Dhaka court indicts Huji leader, 13 others for blast in 2001April 17th, 2009 - 12:15 pm ICT by IANS
Dhaka, April 17 (IANS) A Bangladesh court has indicted Mufti Abdul Hannan, leader of the banned Islamist outfit Harkatul Jihad Islami (Huji), and 13 others for causing the 2001 blast at a city rally that killed 10 and injured scores of people.
The blast occurred in 2001 at Dhaka’s Ramna Batamul area during Pahela Baisakh, the Bengali New Year celebration.
Metropolitan Sessions Judge A.N.M. Bashir Ullah Thursday rejected the discharge petitions submitted by the counsels for Hannan and five others and framed charges against all 14 accused.
Five of the accused produced before the court amid tight security pleaded not guilty after the charges brought against them were read out, The Daily Star said Friday.
Moulana Tajuddin, younger brother of former Bangladesh Nationalist Party (BNP) deputy minister Abdus Salam Pintu, and seven other accused are absconding. Charges were framed against them in absentia.
The chargesheet said Ramna Batamul, where thousands of people gather to celebrate the Bangla New Year, was chosen as the target because Huji considers Pahela Baishakh celebrations anti-Islamic.
Moulana Tajuddin supplied the bombs.
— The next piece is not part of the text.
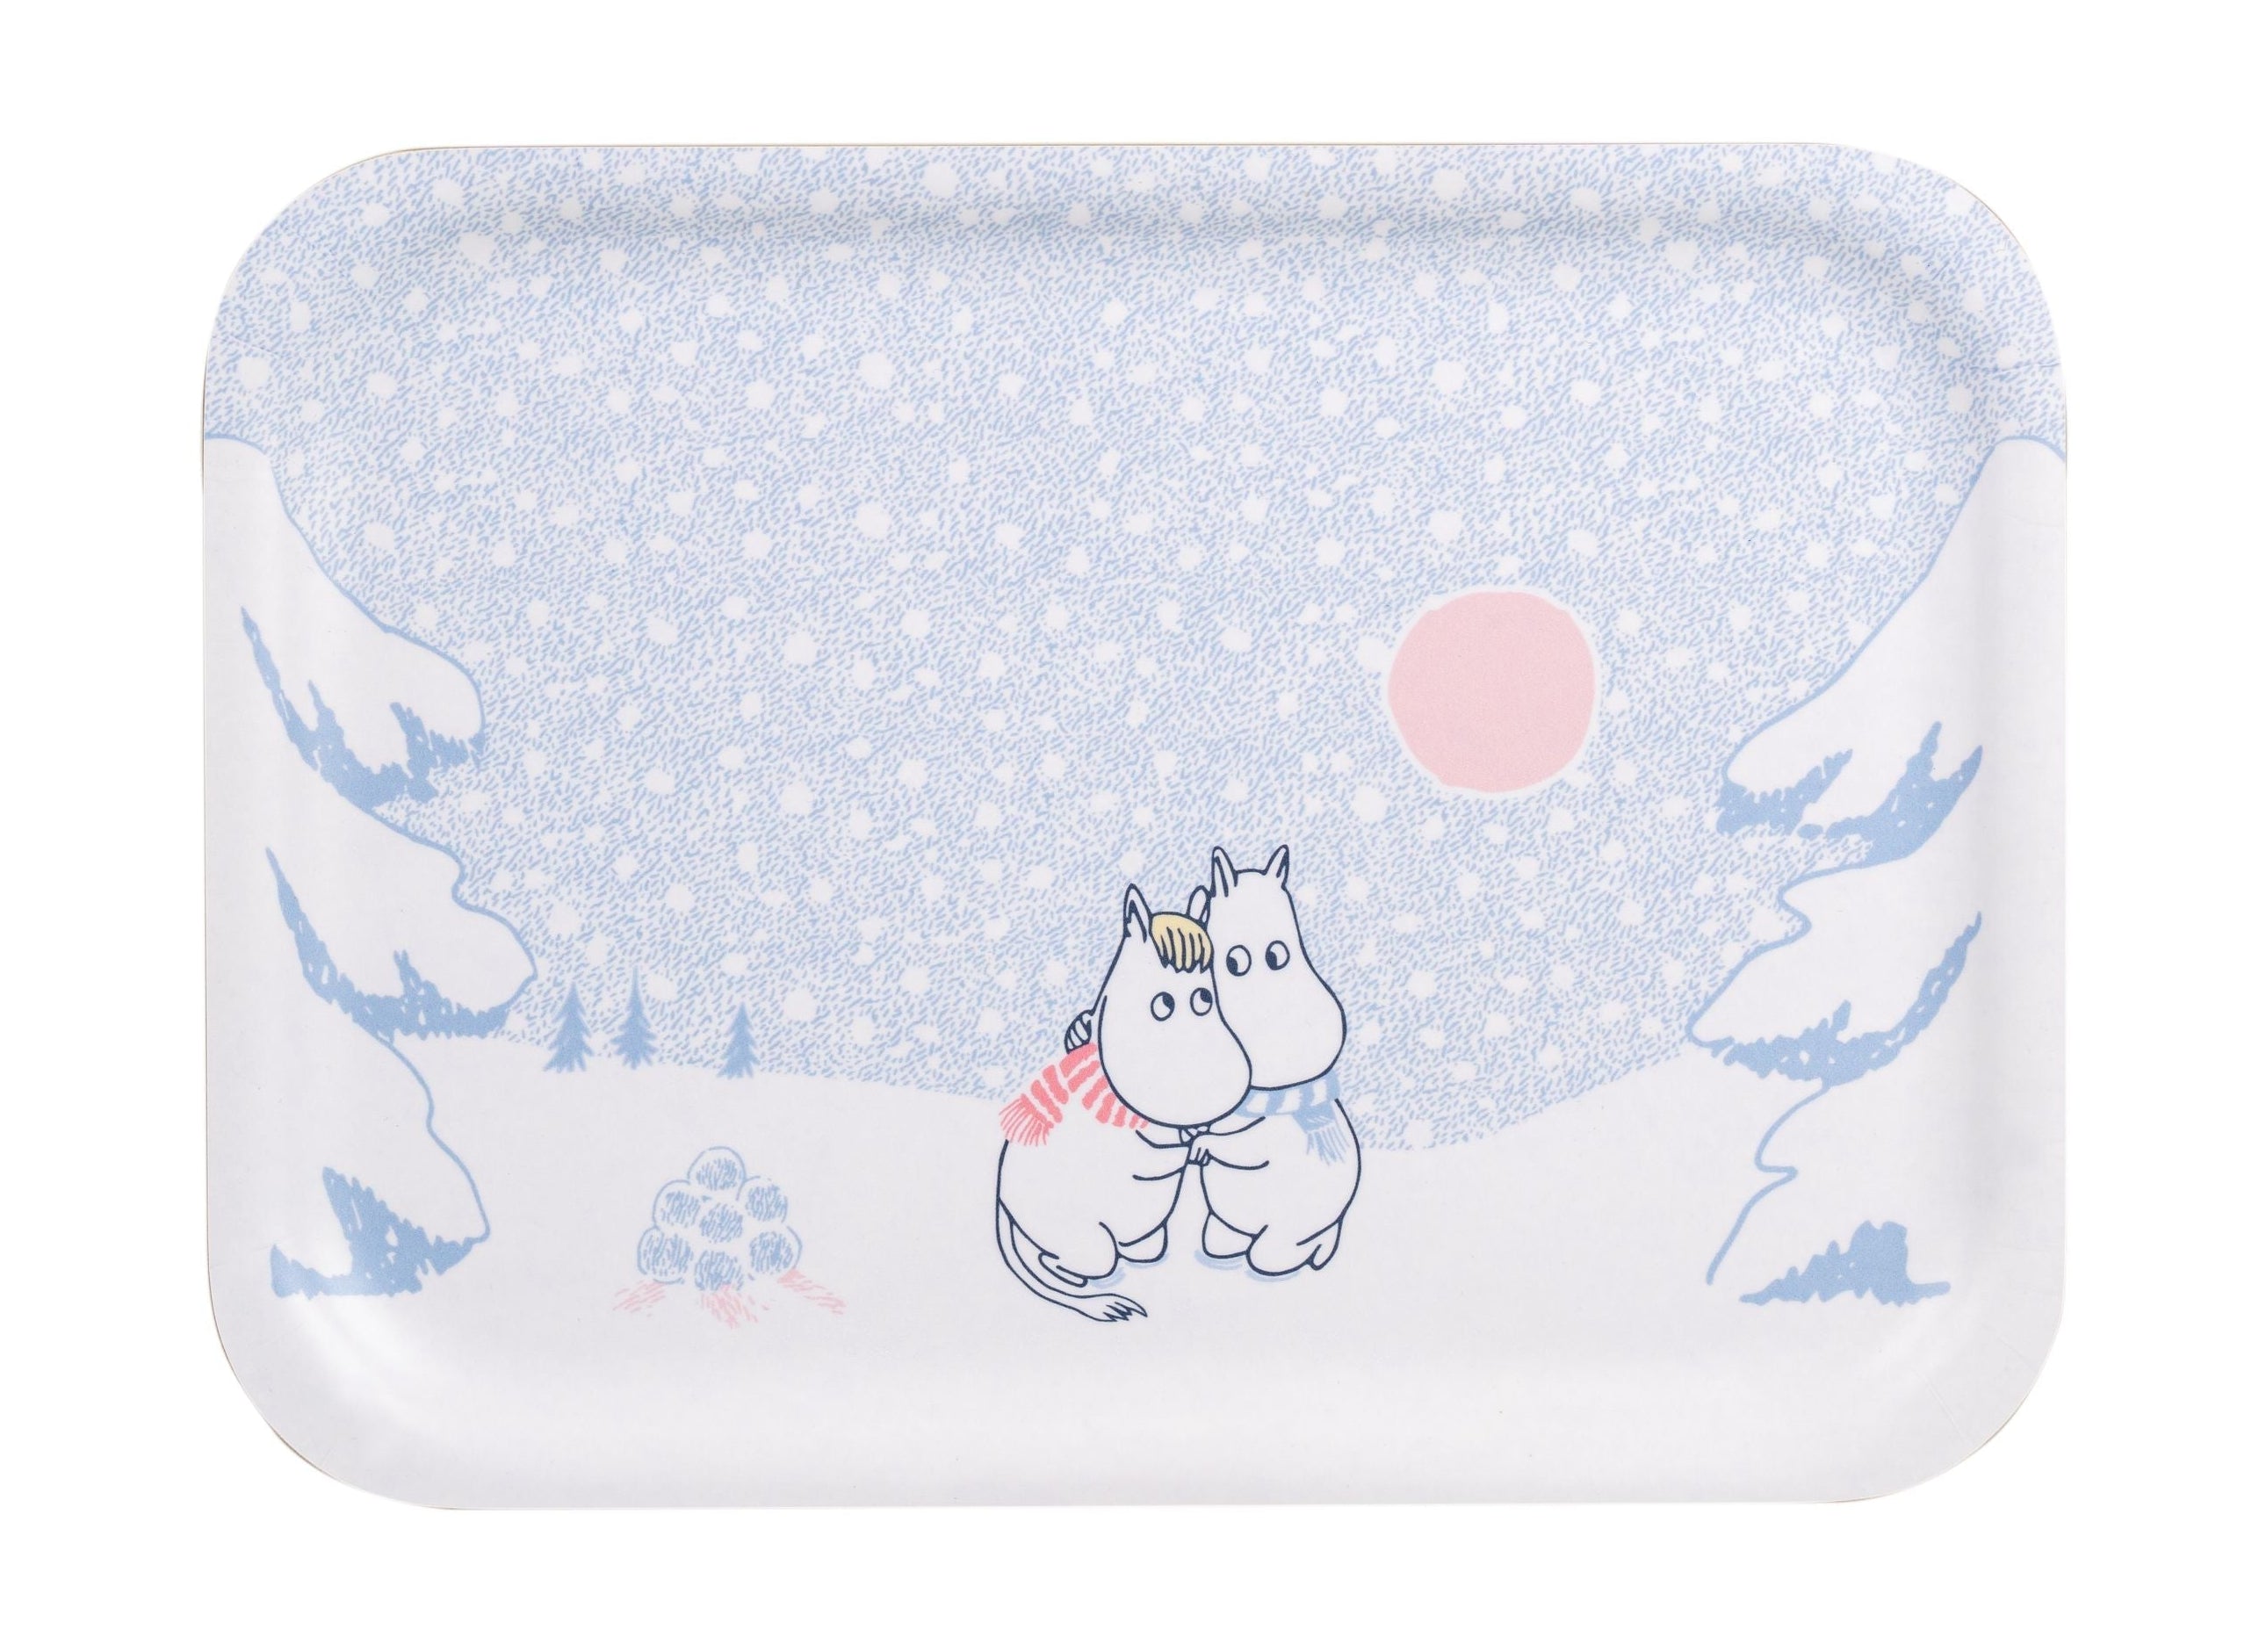 Muurla Moomin Tray Let It Snow
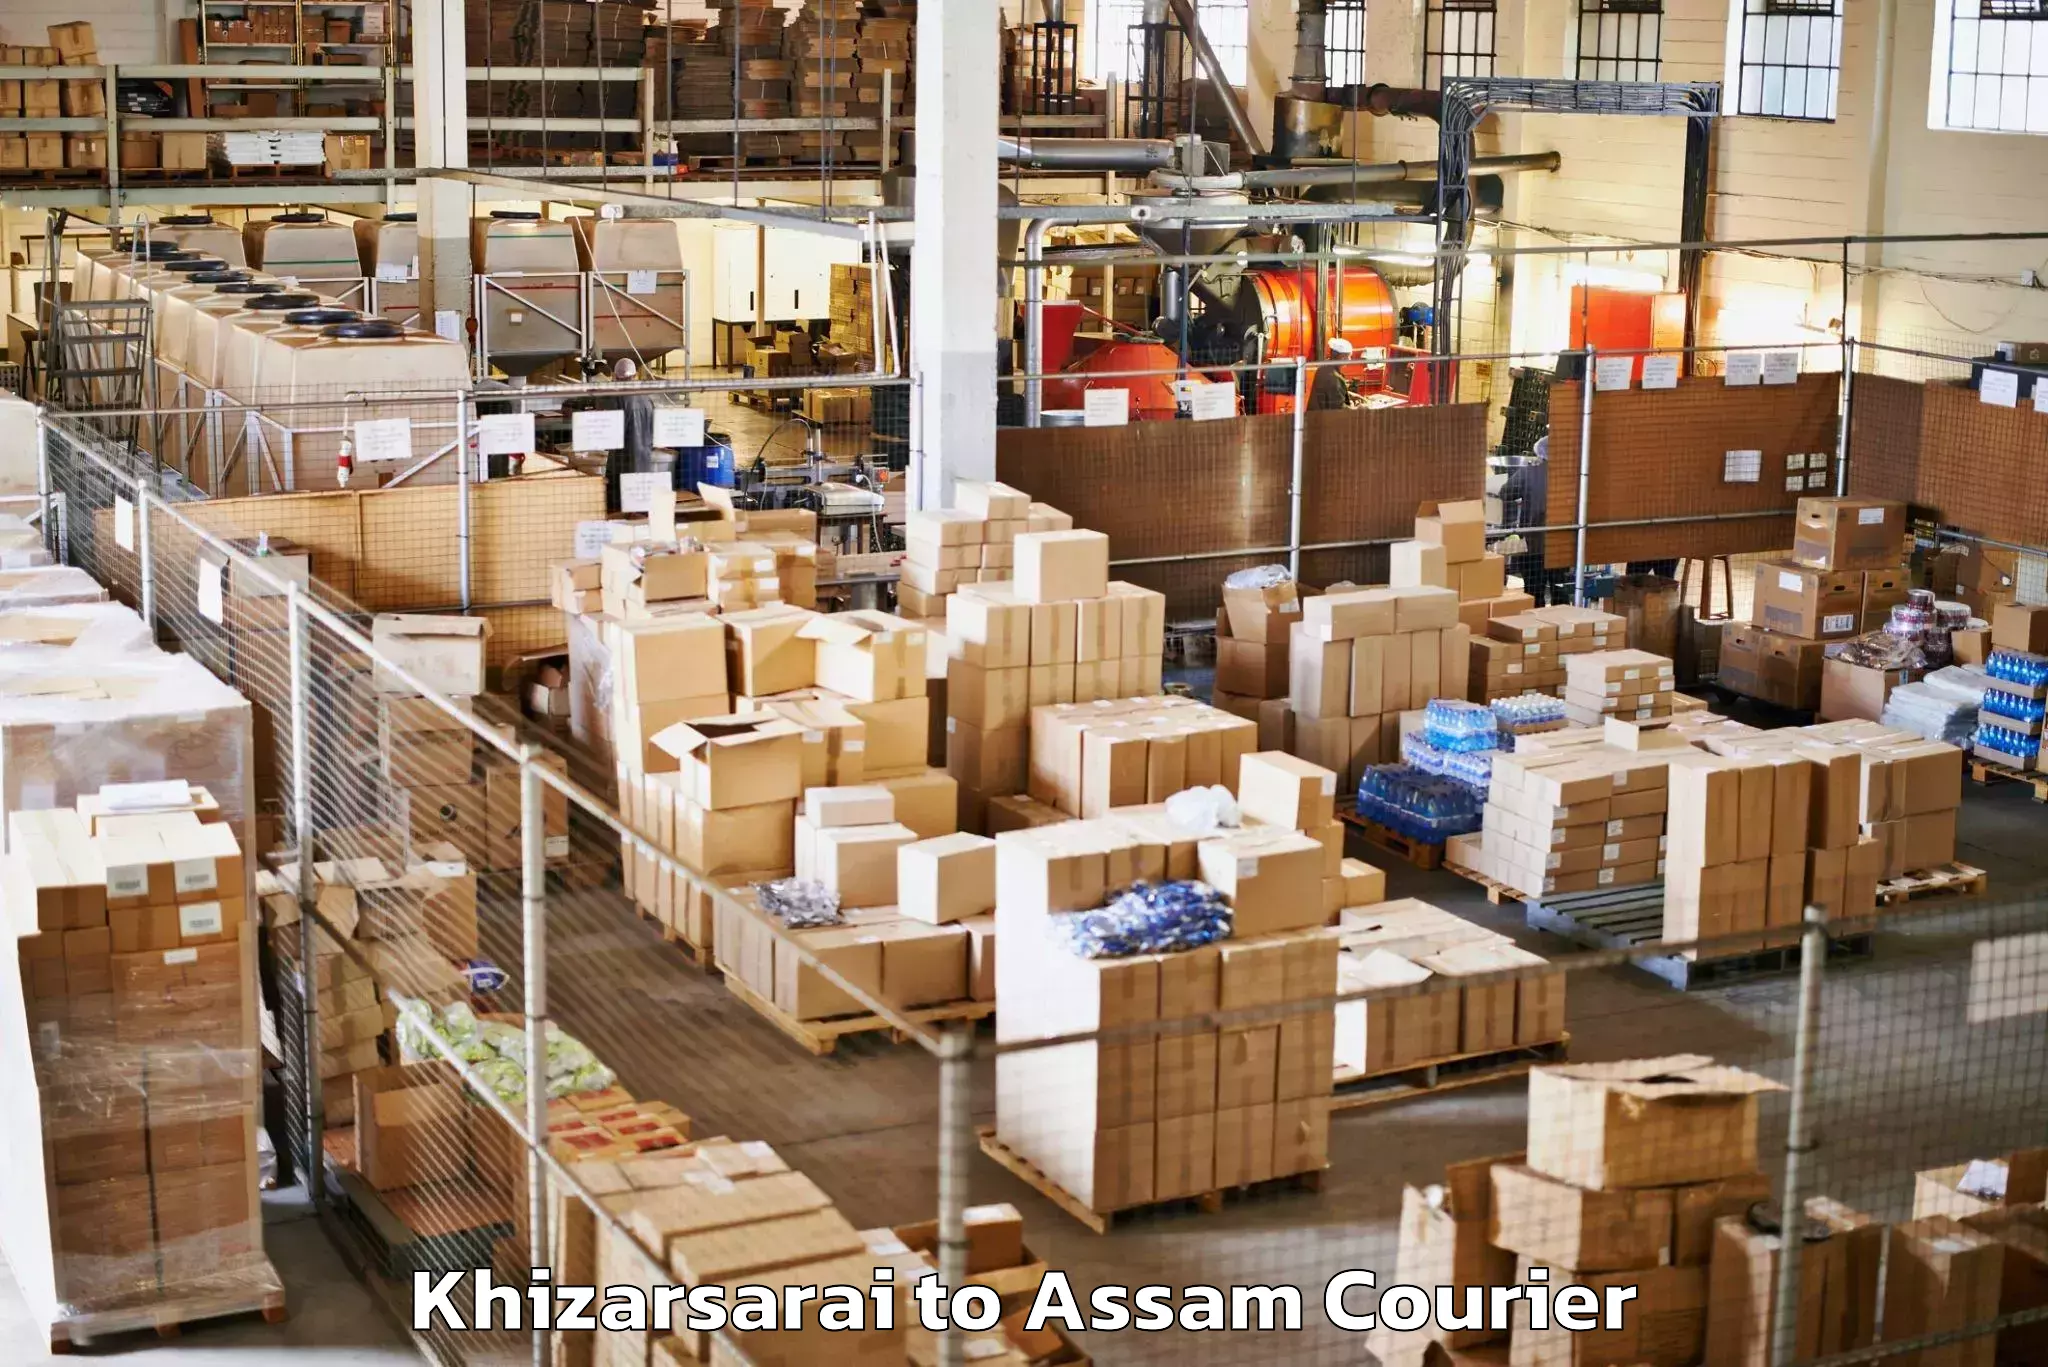 Reliable luggage courier Khizarsarai to Assam

He also supplied grenades for carrying out the attack on an Awami League rally on Bangabandhu Avenue Aug 21, 2004, the media report said.
Huji is one of the four organisations banned by then Khaleda Zia government (2001-06) after the activities of Islamist militant bodies raised protests at home and among the international community.
Media reports have said these organisations have managed to regroup and step up their activities despite the ban.
Prime Minister Sheikh Hasina Thursday sought the cooperation of Islamic leaders and scholars in finding out terrorists and troublemakers.
“Islam is a religion of peace, but a vested quarter is undermining the image of this religion,” she said while exchanging views with a delegation of madrassa and Islamic leaders.
The government wants to bring under its control the quami madrassas (seminaries) that belong to different schools of Islamic theology to monitor their activities and keep a check on their misuse by militants.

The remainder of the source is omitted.